Game theory is a way to mathematically describe strategic reasoning —
of competitors in a market, or drivers on a highway or predators in a
habitat. In the last five years alone, the Nobel Prize in economics
has twice been awarded to game theorists for their analyses of
multilateral treaty negotiations, price wars, public auctions and
taxation strategies, among other topics.

In game theory, a “game” is any mathematical model that correlates
different player strategies with different outcomes. One of the
simplest examples is the penalty-kick game: In soccer, a penalty kick
gives the offensive player a shot on goal with only the goalie
defending. The goalie has so little reaction time that she has to
guess which half of the goal to protect just as the ball is struck;
the shooter tries to go the opposite way. In the game-theory version,
the goalie always wins if both players pick the same half of the goal,
and the shooter wins if they pick different halves. So each player has
two strategies — go left or go right — and there are two outcomes —
kicker wins or goalie wins.

It’s probably obvious that the best strategy for both players is to
randomly go left or right with equal probability; that way, both will
win about half the time. And indeed, that pair of strategies is what’s
called the “Nash equilibrium” for the game. Named for John Nash — who
taught at MIT and whose life was the basis for the movie A Beautiful
Mind — the Nash equilibrium is the point in a game where the players
have found strategies that none has the incentive to change
unilaterally. In this case, for instance, neither player can improve
her outcome by going one direction more often than the other.

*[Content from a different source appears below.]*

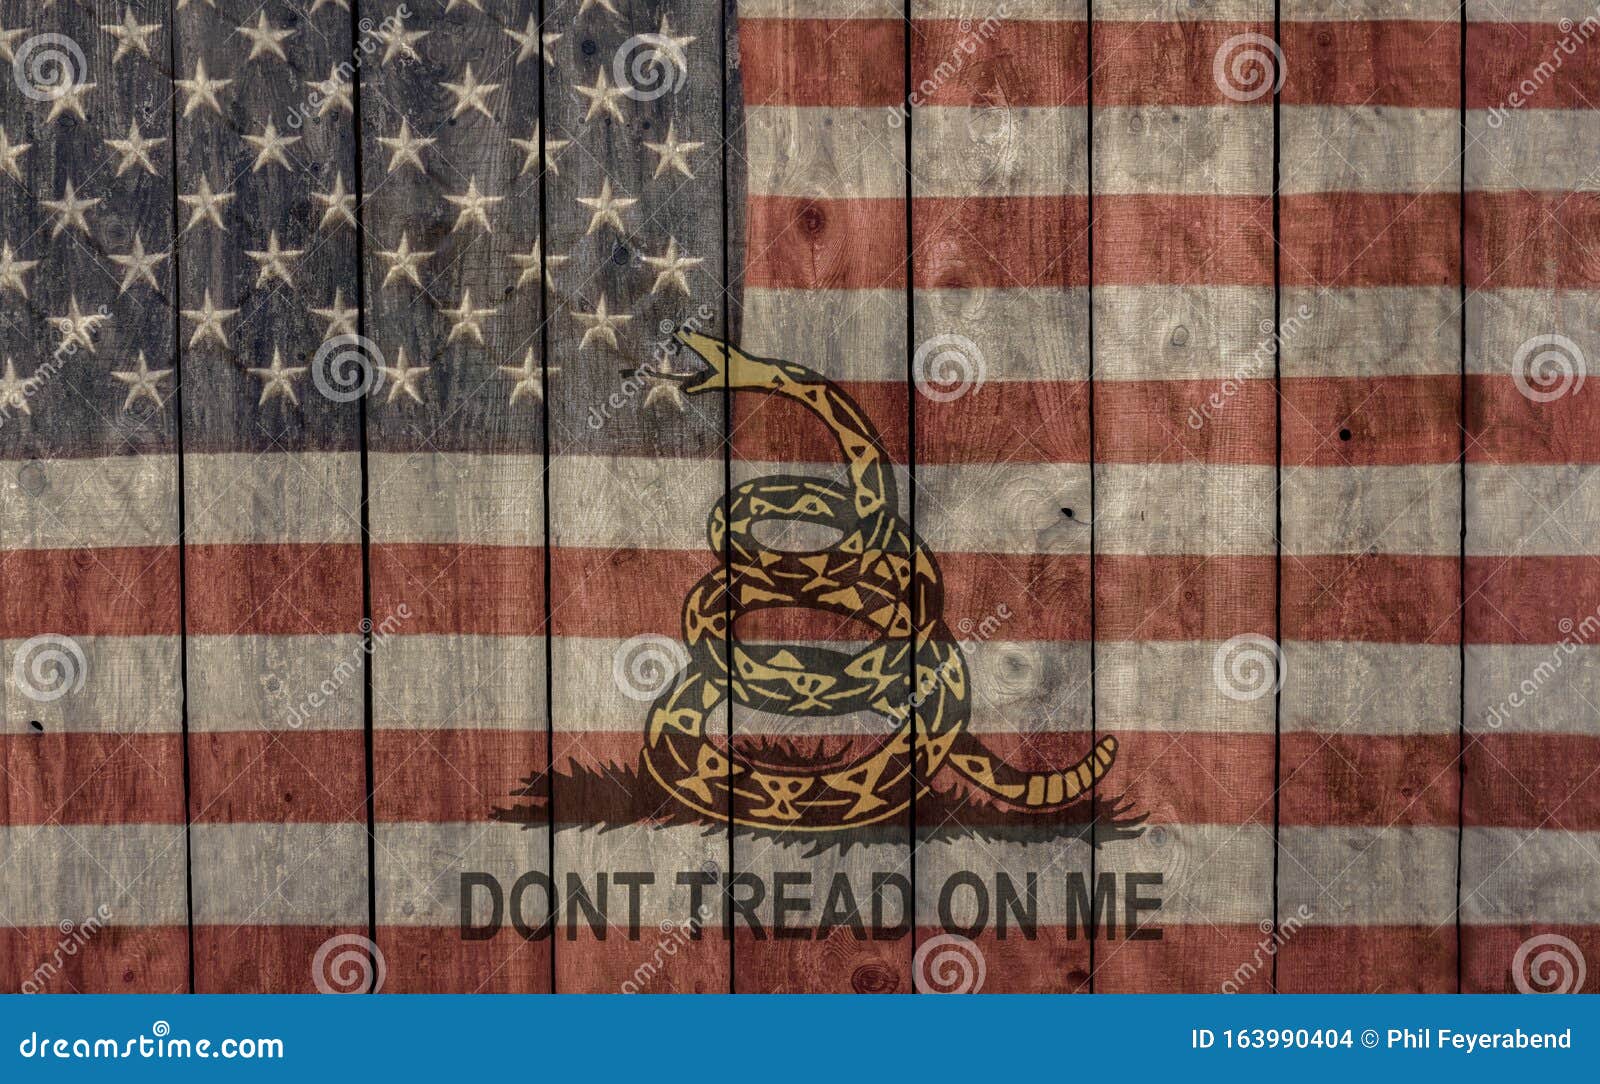 Phone Wallpaper Gadsden Flag 3D edition by LiberAncap on DeviantArt

Of course, most games are more complicated than the penalty-kick game,
and their Nash equilibria are more difficult to calculate. But the
reason the Nash equilibrium is associated with Nash’s name — and not
the names of other mathematicians who, over the preceding century, had
described Nash equilibria for particular games — is that Nash was the
first to prove that every game must have a Nash equilibrium. Many
economists assume that, while the Nash equilibrium for a particular
market may be hard to find, once found, it will accurately describe
the market’s behavior.

Daskalakis’s doctoral thesis — which won the Association for Computing
Machinery’s 2008 dissertation prize — casts doubts on that assumption.
Daskalakis, working with Christos Papadimitriou of the University of
California, Berkeley, and the University of Liverpool’s Paul Goldberg,
has shown that for some games, the Nash equilibrium is so hard to
calculate that all the computers in the world couldn’t find it in the
lifetime of the universe. And in those cases, Daskalakis believes,
human beings playing the game probably haven’t found it either.

In the real world, competitors in a market or drivers on a highway
don’t (usually) calculate the Nash equilibria for their particular
games and then adopt the resulting strategies. Rather, they tend to
calculate the strategies that will maximize their own outcomes given
the current state of play. But if one player shifts strategies, the
other players will shift strategies in response, which will drive the
first player to shift strategies again, and so on. This kind of
feedback will eventually converge toward equilibrium: in the
penalty-kick game, for example, if the goalie tries going in one
direction more than half the time, the kicker can punish her by always
going the opposite direction. But, Daskalakis argues, feedback won’t
find the equilibrium more rapidly than computers could calculate it.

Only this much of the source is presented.